[Xastir] Some advice on a dedicated Xastir box please?
Curt Mills, WE7U
hacker at tc.fluke.com
Wed Apr 2 12:12:02 EST 2003
On Wed, 2 Apr 2003, Dick C. Reichenbach wrote:
> It's been a while, but if I remember correctly the 386SX's are 286
> pinout chips. They use the old 286 memory lines, so you can get away
> with using only 1 memory chip per bank, and the newer 386DX's use the 4
> chips per bank. I'm thinking you would need a bare minimum 386DX chip
> to run the Linux, seeing how it is a 32bit OS.

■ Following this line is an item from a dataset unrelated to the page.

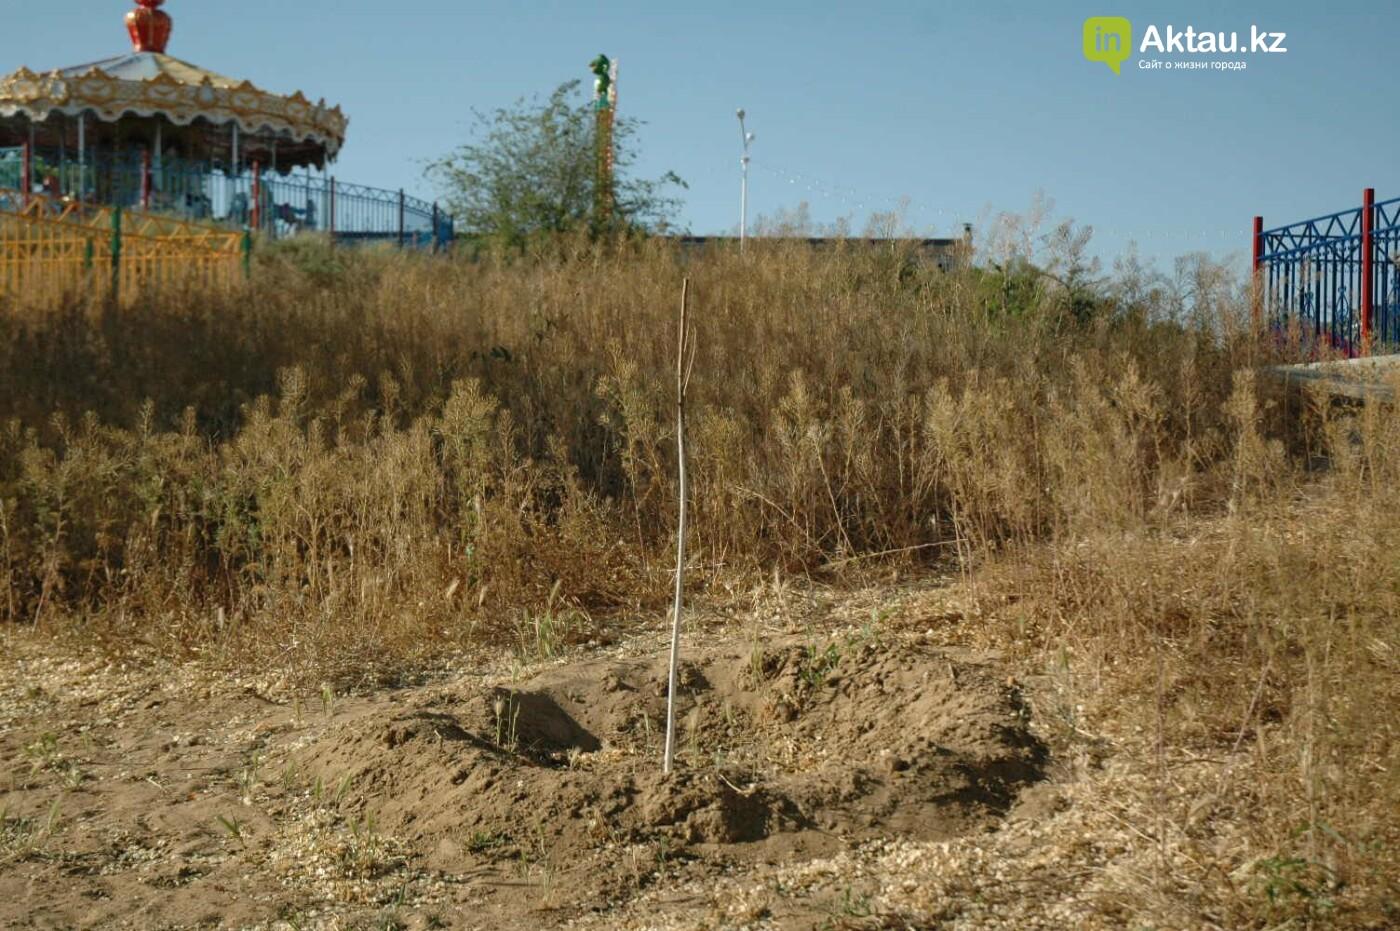 Погибшие от засухи и обезвоживания в Актау исчисляются десятками (ФОТО), фото-45

Nope. You can run a 386SX, which is the 16-bit I/O version of the
386DX. Sounds kind'a crazy to do that I know, but that was my first
386 computer of any kind at home, and it ran well. It was just much
slower because I/O took so much longer in/out of memory.
I'm sure that was a 20MHz model, but I think they could be found as
low as 16MHz. A 386SX-20 would be a good test to see if Xastir ran
on slow hardware though. I have enough spare parts. Just put all
my carcasses together in the garage, and I have 10 cases out there,
most with motherboards still in them.
--
Curt Mills, WE7U hacker_NO_SPAM_ at tc.fluke.com
Senior Methods Engineer/SysAdmin
"Lotto: A tax on people who are bad at math!"
"Windows: Microsoft's tax on computer illiterates!" -- WE7U
"The world DOES revolve around me: I picked the coordinate system!"